Algorithm for finding bags of elements in a sequence

Say that I have a sequence of elements of interest A, B, C... interspersed with don't care symbols x. I want to identify bags of elements from a predefined set of interesting combinations that happen within a predefined distance. There can be overlaps between the spans of symbols. For instance in the string C x x A A x x C the algo would detect twice the pattern A A C if max distance is 5.

For instance says that my set of interesting combinations is:

A A C
A B C

that I have a sequence:

B A x x C x x x A A x x x C

and that the maximum span is 5.

My algorithm should output:

B A x x C -> A B C

and will fail to identify pattern A A C since the span between elements of interest is greater than 5.

My intuition says that it is some kind of dynamic programming but maybe it is just an instance of a well known algorithm I'm not able to spot.

Any hint on what would be the approach/solution?

Let's assign some names to describe the problem:

m = length of the array sequence (14 in your example)
n = total number of unique elements in the array sequence (3 in example)
k = length of each search region (5 in example)
g = number of groups that you're looking for (2 in example)

One option would be to summarise your data in each search region of size k. In your example, like this:

{B A x x C}
{A x x C x}
...

We make vectors of size n for each of these sections, first element represents the appearance of first type of element, say A

B A x x C --> [1,1,1] (one appearance of each)
A x x C x --> [1,0,1]

and so on.

We can do the same for our groups that we're searching for:

{A A C} --> [2,0,1]  
{A B C} --> [1,1,1]

Now the problem becomes obvious. Say we consider the summary of a search region, [3,2,5], and the summary of a group we're searching for, [0,1,2], we can calculate the number of combinations by recognising that we had 2 options for the second element, and (5x4)/(1x2) options for the third, so that's 20 options overall.

So for section summary, S, [s₁, s₂,..,s_n], and a single group of interest, G, [g₁, g₂,...g_n], we can calculate the total sum of ways we can extract G from S (c++ style code, except "!" means factorial):

int total_options = 1; // total ways to select G from S
for (int i = 0; i < n; ++i)
{
    if(g[i] == 0)
        continue; // this is an element that doesn't appear in G, so it shouldn't effect our count

    if(s[i] < g[i])
        return 0; // not enough elements in S for G

    for (int d = 1, f = s[i]; f > max(g[i], s[i] - g[i]); --f, ++d)
        total_options = total_options / d * f; // f, d are effectively factorials

    // the previous loop is a more efficient version of:
    // total_options *= (s[i]!) /(g[i]! * (s[i] - g[i])!);
}

return  total_options;

You would do this for each section, and each group that you're searching for.

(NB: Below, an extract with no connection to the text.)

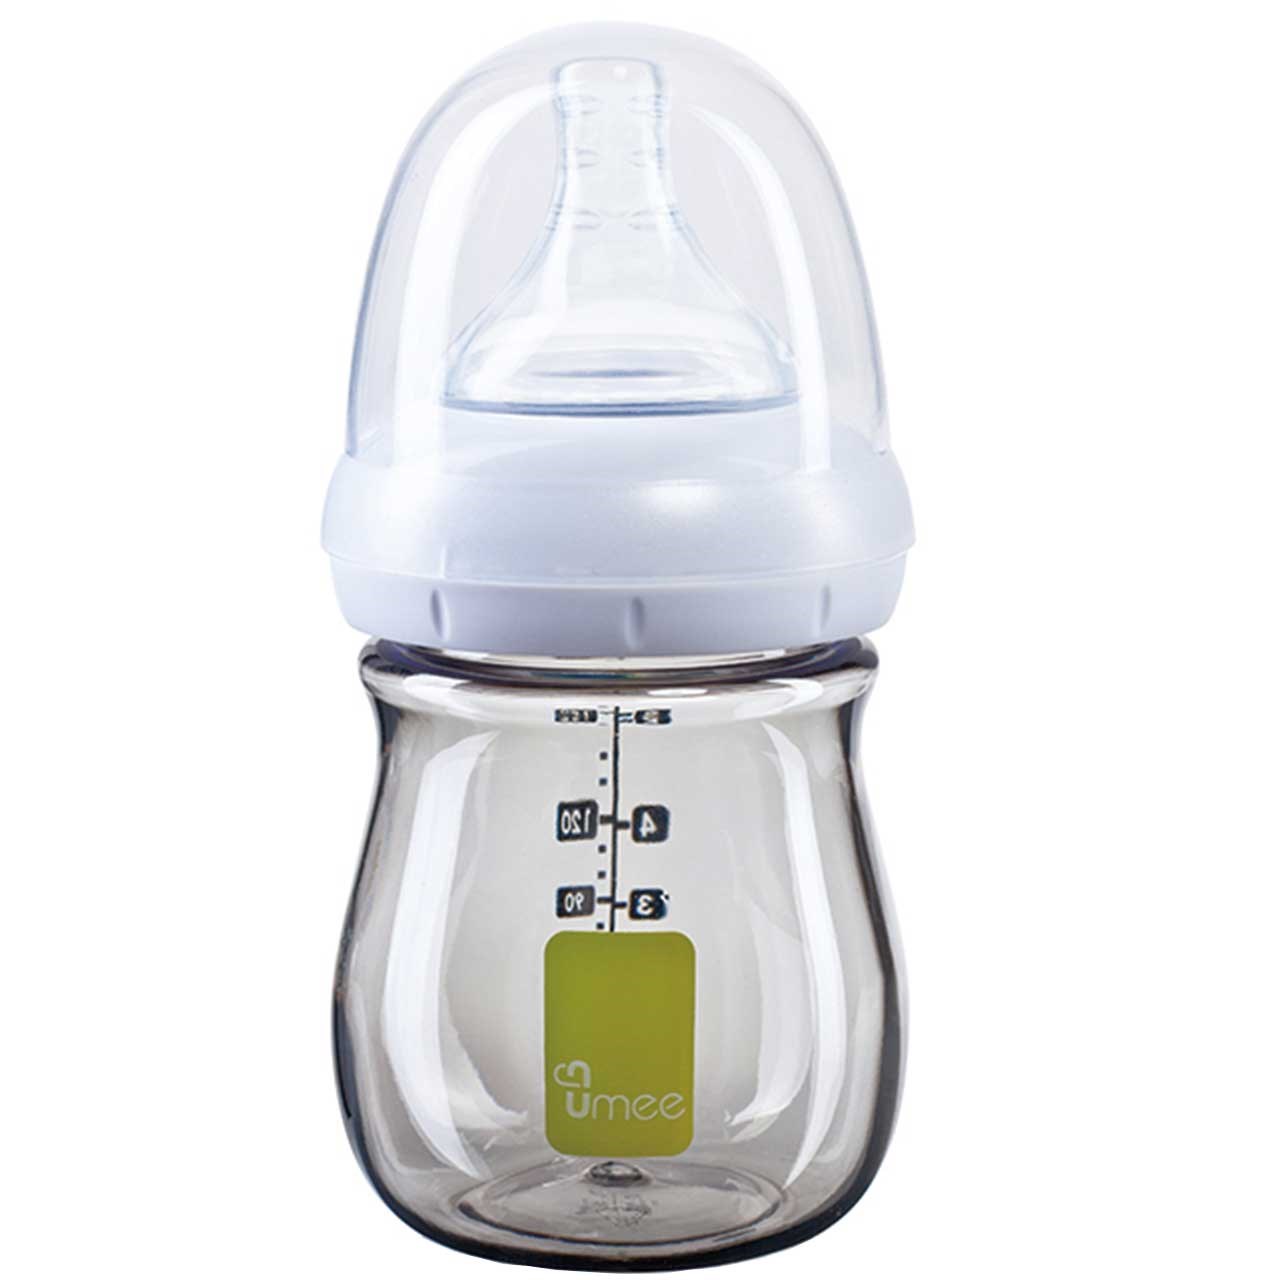 شیشه شیر یومیی مدل N100007-G ظرفیت 160 میلی لیتر

Time complexity: O(g*m*(k + n)) (we must include k here because of the worst-case factorial calculation)

Space complexity: O(m + g*n) (each section we could calculate as we go, so there's no need to store multiple sections simultaneously)

We can then improve on this by realising that each consecutive "section" only differs by considering the departing "tail" element, and the entering "head" element, so we should just calculate how these two change the "option count" as we iterate to the next section. We would do this by maintaining the previous "option count" calculation, and, NF (Number Fails), the number of elements in the region that were too low for the search group. The trick would be to maintain a positive "option count" which gets added to the grand total only if NF is 0. This would give you constant-time results for each G as you iterate over the main array of size m.

Time complexity: O(g*m + g*n)
Space complexity: O(g*n + m)

This algorithm has worst-case performance when each element in the main array is unique, and each of these elements appears at least once in some of the searches (otherwise we can treat any elements that don't appear in any of the searches to all be the same, like "x" in your example). So worst-case complexities can be simplified to:

Time complexity: O(g*m)
Space complexity: O(g*m)

I can't see how it'd be possible to get a better time complexity, but I'd be interested to know if some clever person can think of a method with lower space complexity.

If you don't know what I'm talking about when it comes to constant-time iteration by considering only the head and the tail, let me know and I'll explain with an example.